To unlock and utilize its full potential, you must download and install the Logitech Options software on all the machines you want to control. Once this is done, you just need to make sure that all the devices are connected to the same WiFi network and you can switch between them simply by moving the cursor between the screens. This can be done by leveraging Logitech’s Flow technology, and you can even copy and paste text and files from one device to the other.

The only flaws we could find is that the side buttons aren’t the most convenient (thanks to the presence of the second scroll wheel near the thumb, the “Back and Forth” side buttons are positioned one above the other; but in practice, you quickly get used to it) and of course the price. But, if you are determined to buy a wireless mouse for work, and have the money, then the Logitech MX Master 2S is one of the best there is!
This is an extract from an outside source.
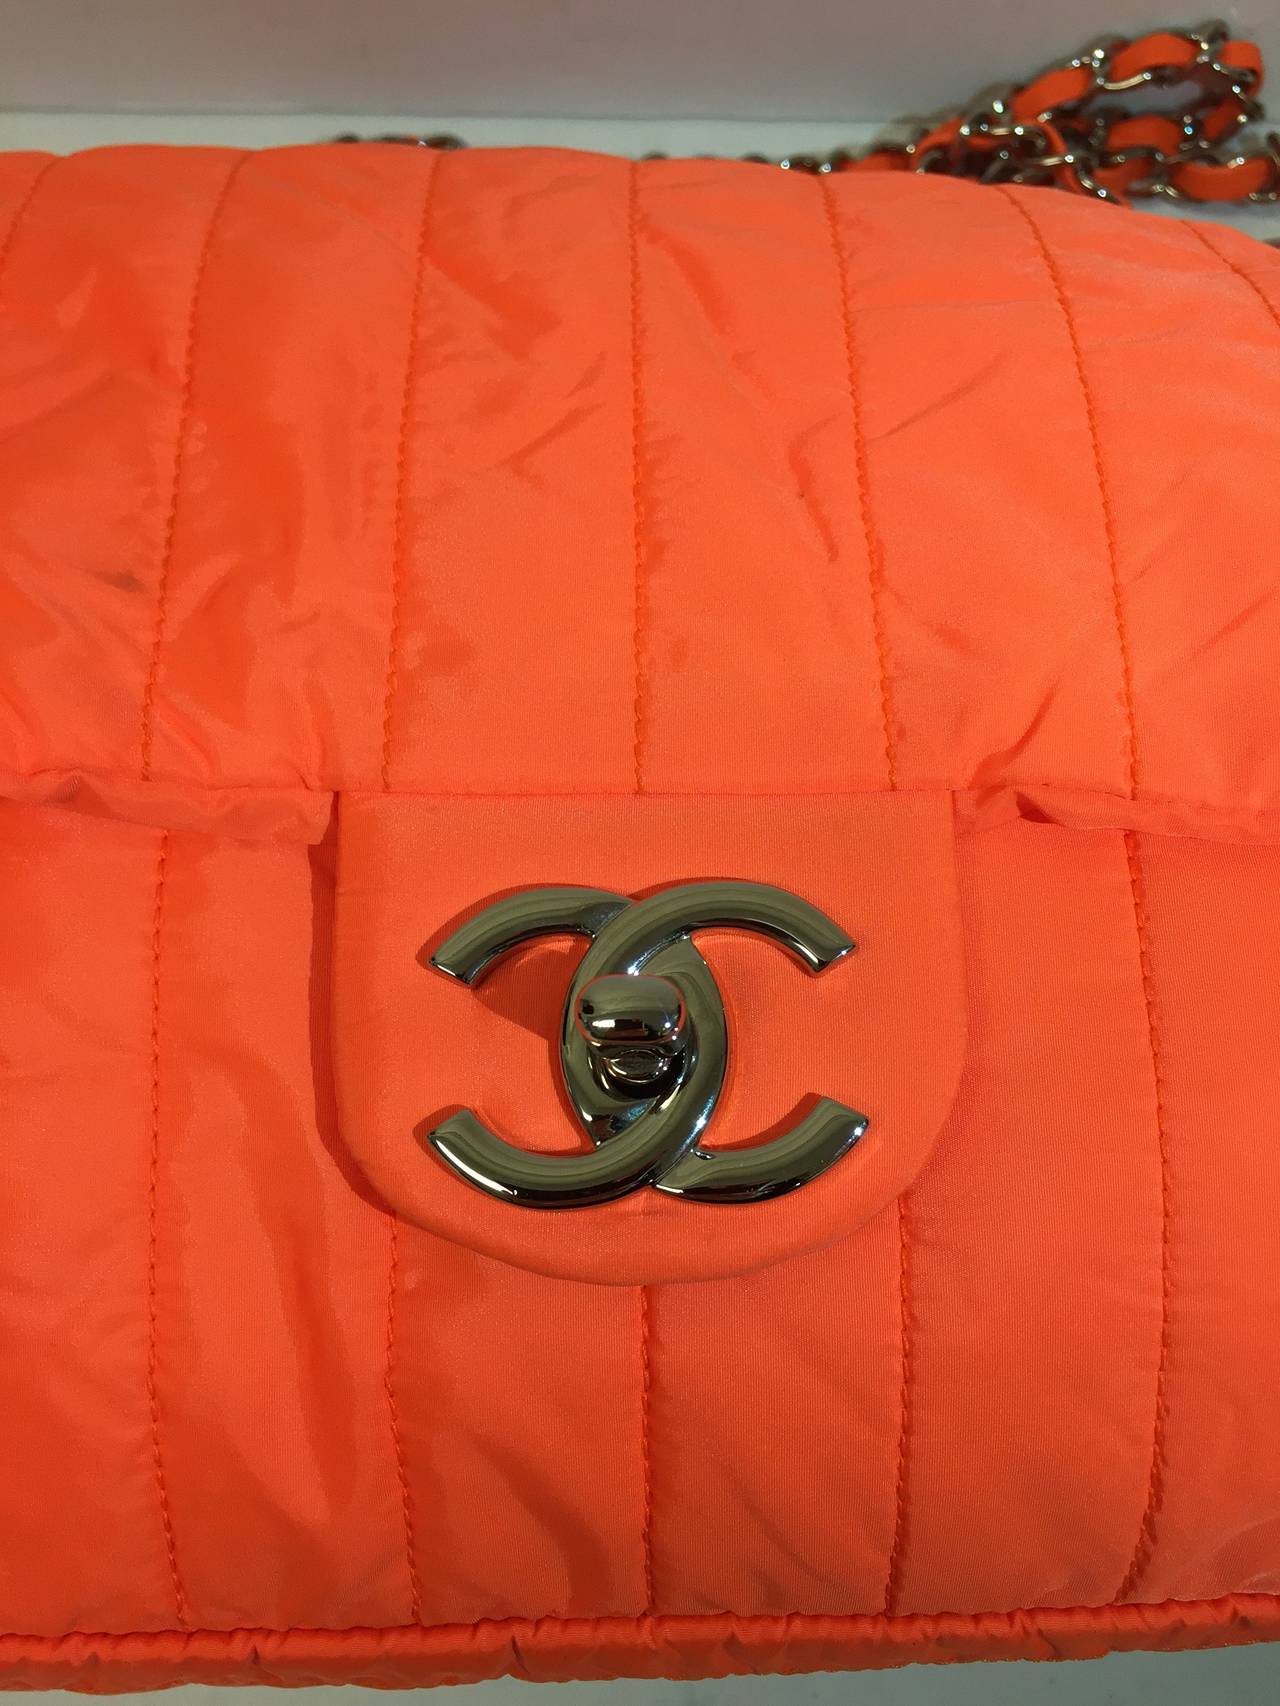 This is an authentic CHANEL Nylon Vertical Quilted Jumbo Flap in neon orange. This relaxed flap bag is made of a casual nylon material with a unique vertical quilting, and is crafted in the classic flap bag structure. The handles are made of leather

Read more: Logitech MX Master 2S review: simply perfect

Apple Magic Mouse 2: best mouse for Mac

Apple Magic Mouse 2: best mouse for Mac

Anyone working on a Mac is well advised to use the Magic Mouse 2 (Check on Like most Apple devices, it is straightforward and unobtrusive. It has neither visible buttons nor a scroll wheel, instead, various multi-touch gestures can be carried out on its surface.

Although the mouse appears to have only one button, it can be used as a two-button mouse. In addition, left and right clicks can be swapped for left-handers.

As for scrolling, you can use gestures. You can scroll a page by moving a finger up and down, and you can also scroll horizontally by moving a finger left and right. You can also go Back and Forth by using two fingers – although that takes some practice. All gestures work great, albeit the scroll is less precise compared to a dedicated scroll wheel.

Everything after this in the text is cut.